|
Egon Krenz: Responsible for the killings at the Berlin Wall
|
Former East German Leaders Guilty of Berlin Wall Deaths
A court in Berlin has sentenced the former East German leader, Egon Krenz, to
six-and-a-half years in prison for his role in the killing of more than 40 people at the Berlin Wall. They were shot by Communist border guards as they attempted to escape to the West.
Two other former members of the East German leadership, Günther Kleiber and Günther Schabowski, were sentenced to three years in prison each.
|
A border guard of Mr Krenz's "better Germany" carries away a victim of the shoot-to-kill policy
|
Mr Krenz arrived at the court house to cries of "murderer" from the waiting crowd. East Germany's last hard-line
leader had always maintained that the court had no
right to try him. He stood impassively as the presiding judge sentenced
him.
Throughout the trial Mr Krenz remained unrepentant, saying that
although he regretted the deaths, victims and perpetrators alike had been
hostages to the Cold War. He defended East Germany as the better Germany, while
insisting that his government's actions were dictated by the Soviet Union.
|
Memorial for East Germans shot dead at the Berlin Wall
|
Mr Krenz had taken over as East German leader shortly before the Berlin Wall came down. for much of the 1980s he had been a key member of the
Communist leadership, responsible among other things for security matters.

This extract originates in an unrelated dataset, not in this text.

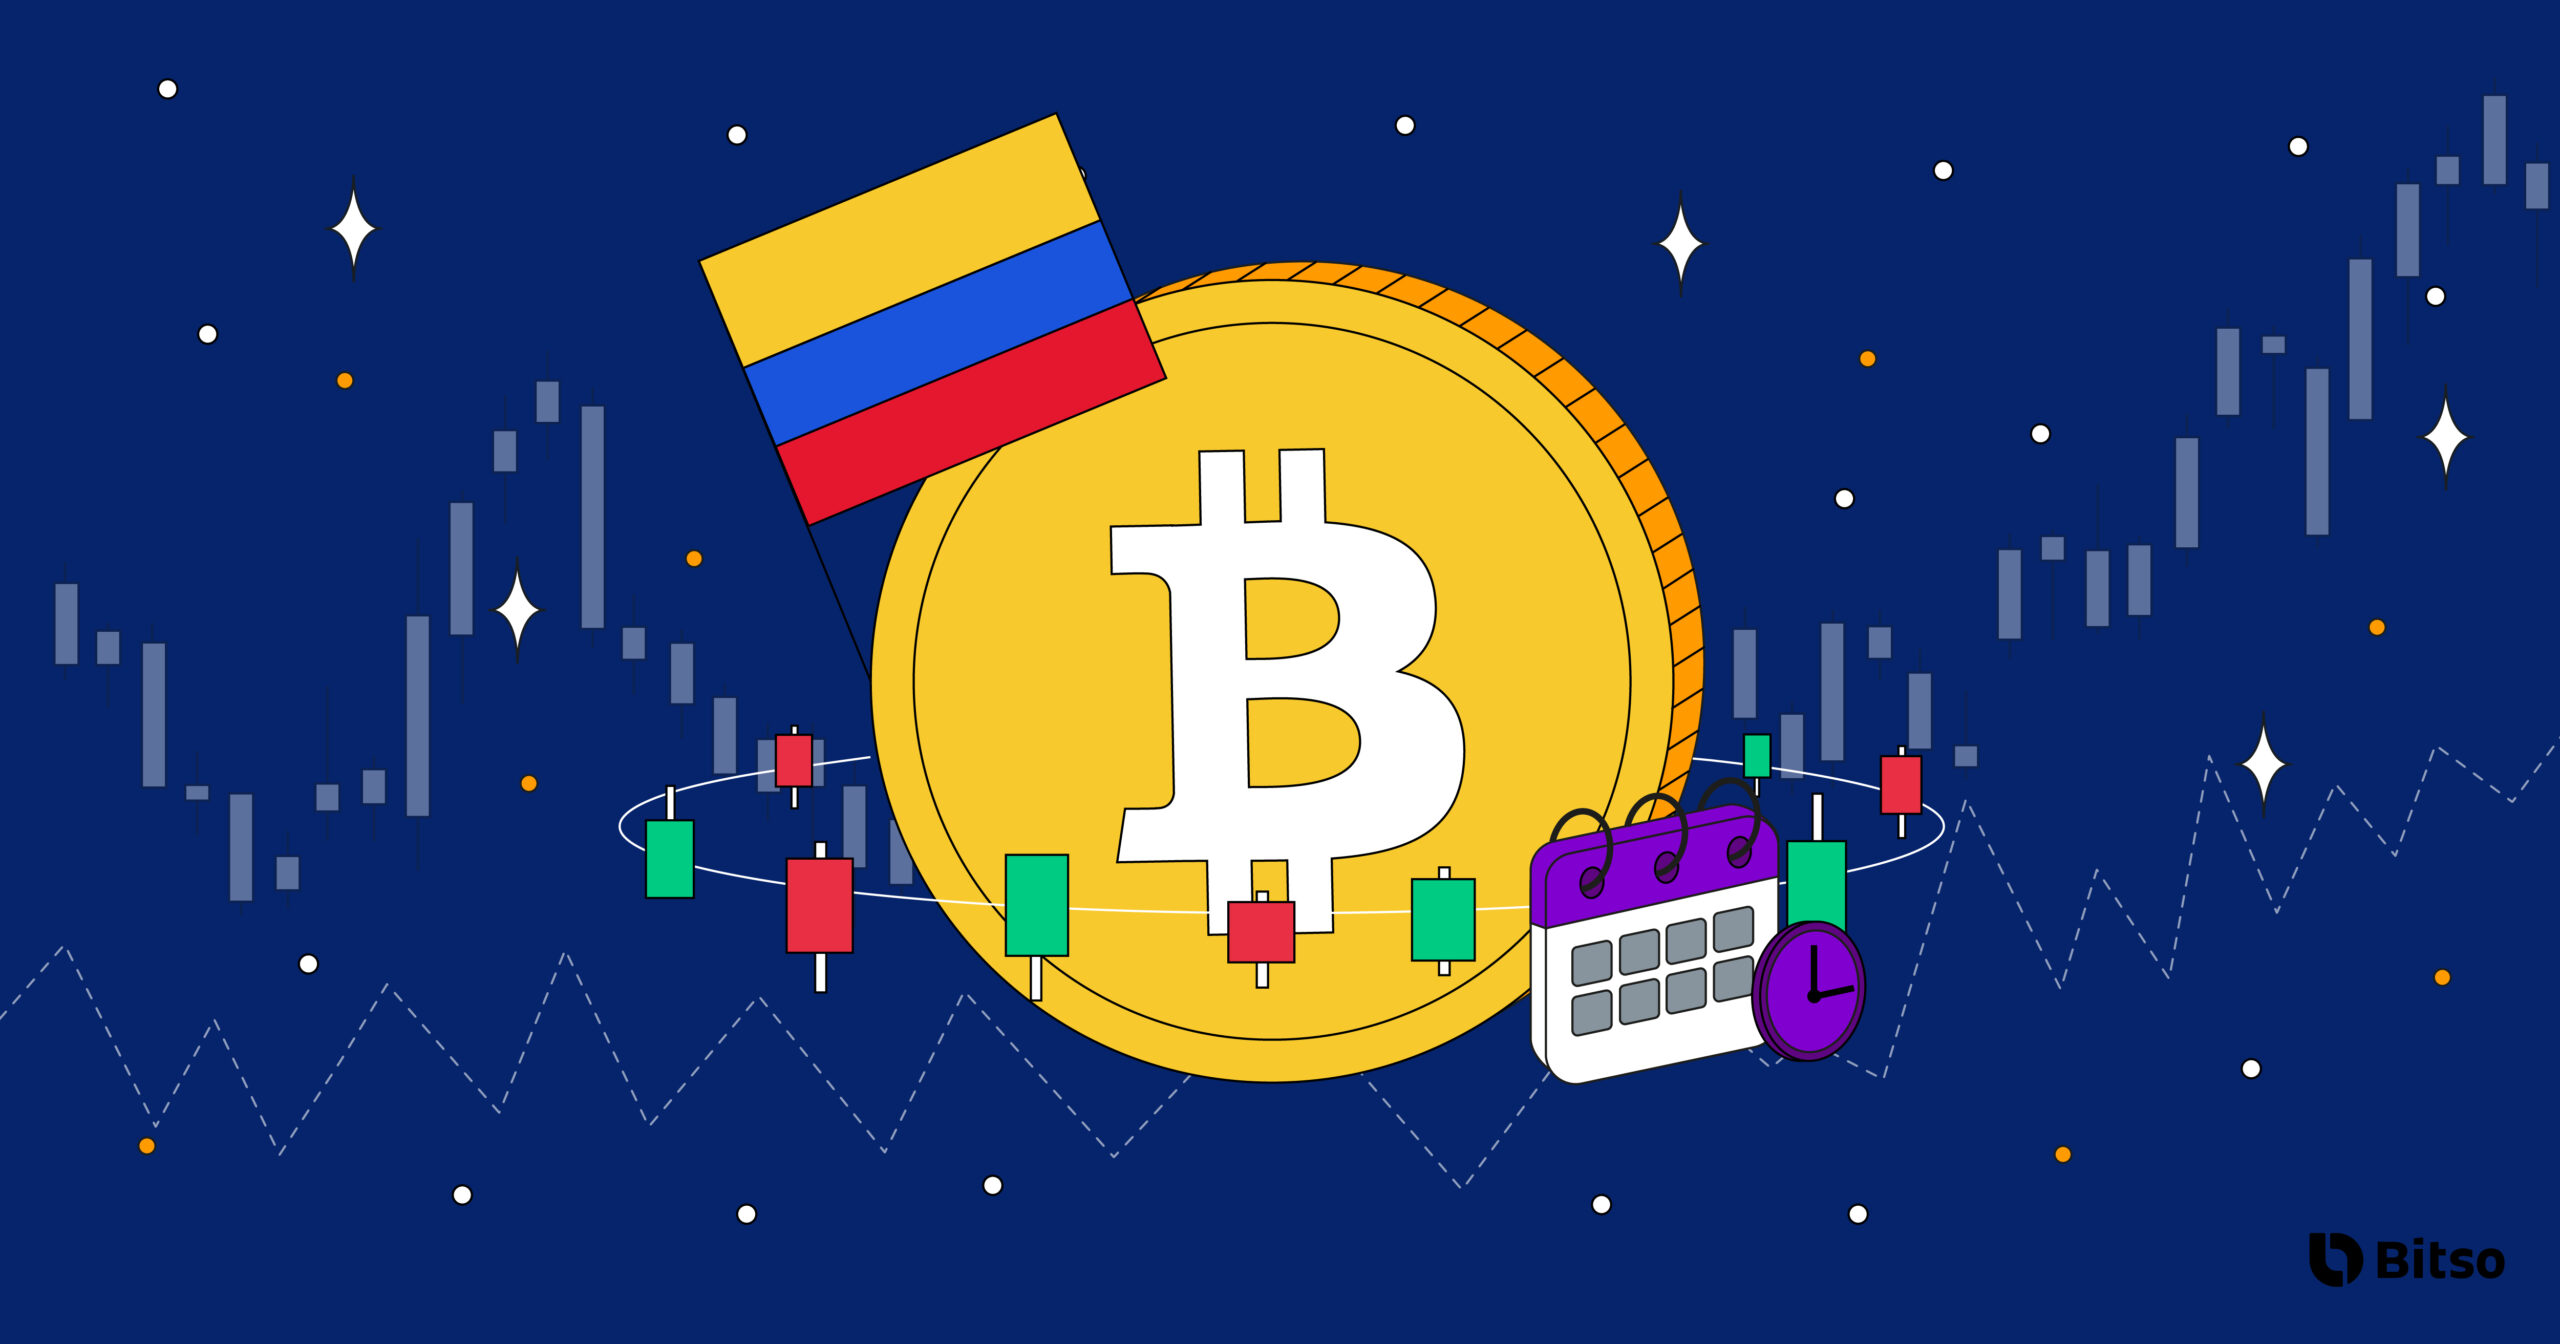 cuál es el precio del bitcoin hoy en colombia

The prosecution had demanded an 11-year prison sentence for Mr Krenz, nine
years for Mr Schabowski and seven-and-a-half for Mr Kleiber. It argued that the
politicians were morally responsible for the killings because they passed the
laws and ran the system that kept the Berlin Wall in place.
Given that over 40 border guards have already been found guilty of shooting to kill and two
have been jailed, Mr Krenz and his defence lawyers expected a
jail sentence.
The trial of Mr Krenz and his comrades is likely to be the last high-profile
trial of leaders of the former East Germany.